Able to modify final value in Kotlin

Question

open class OpenBase(open val value: Int)

interface AnotherExample {
    val anotherValue: OpenBase
}

open class OpenChild(value: Int) : OpenBase(value), AnotherExample {
    override var value: Int = 1000
        get() = field - 7
    override val anotherValue: OpenBase = OpenBase(value)
}

open class AnotherChild(value: Int) : OpenChild(value) {
    final override var value: Int = value
        get() = field
        set(value) { field = value * 2 }
    final override val anotherValue: OpenChild = OpenChild(value)
}

fun main() {
    val openChild = OpenChild(42)
    println("OpenChild value: ${openChild.value}")
    println("OpenChild anotherValue: ${openChild.anotherValue.value}")
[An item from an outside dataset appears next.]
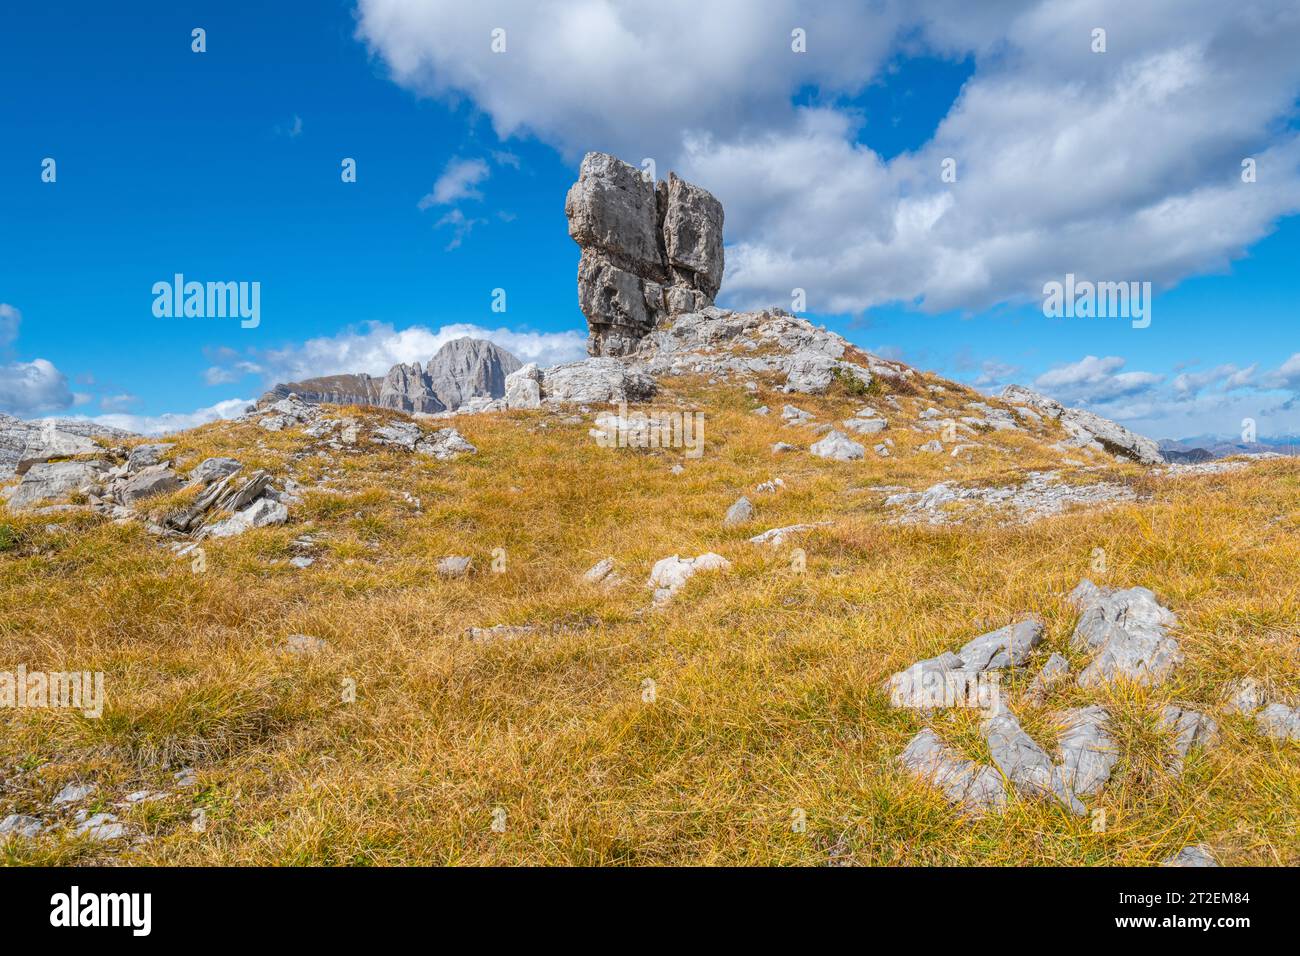 Grand rocher de calcaire autoportant au sommet d'une petite colline couverte d'herbe d'automne brune, contre un ciel bleu avec des nuages Banque D'Images

    val anotherChild = AnotherChild(42)
    println("AnotherChild value: ${anotherChild.value}")
    println("AnotherChild anotherValue: ${anotherChild.anotherValue.value}")
    
    anotherChild.value=69 //HERE
    println("AnotherChild value: ${anotherChild.value}")
    println("AnotherChild anotherValue: ${anotherChild.anotherValue.value}")
}

I was learning kotlin OOPS and was playing with an example; I was expecting an error but got no error. Why am I able to modify the value mentioned final?

Answer 1

The final in final override var value only means that the property can't be overridden in other subclasses. If want value to be read only in AnotherChild, you must declare it as val instead of var. Or, if you do need a private setter, declare it as var but add private to set.

In the context of class members, val simply means "property with a getter", and var means "property with a getter and a setter. The latter is a valid override for the former, which is what you are doing in AnotherChild`.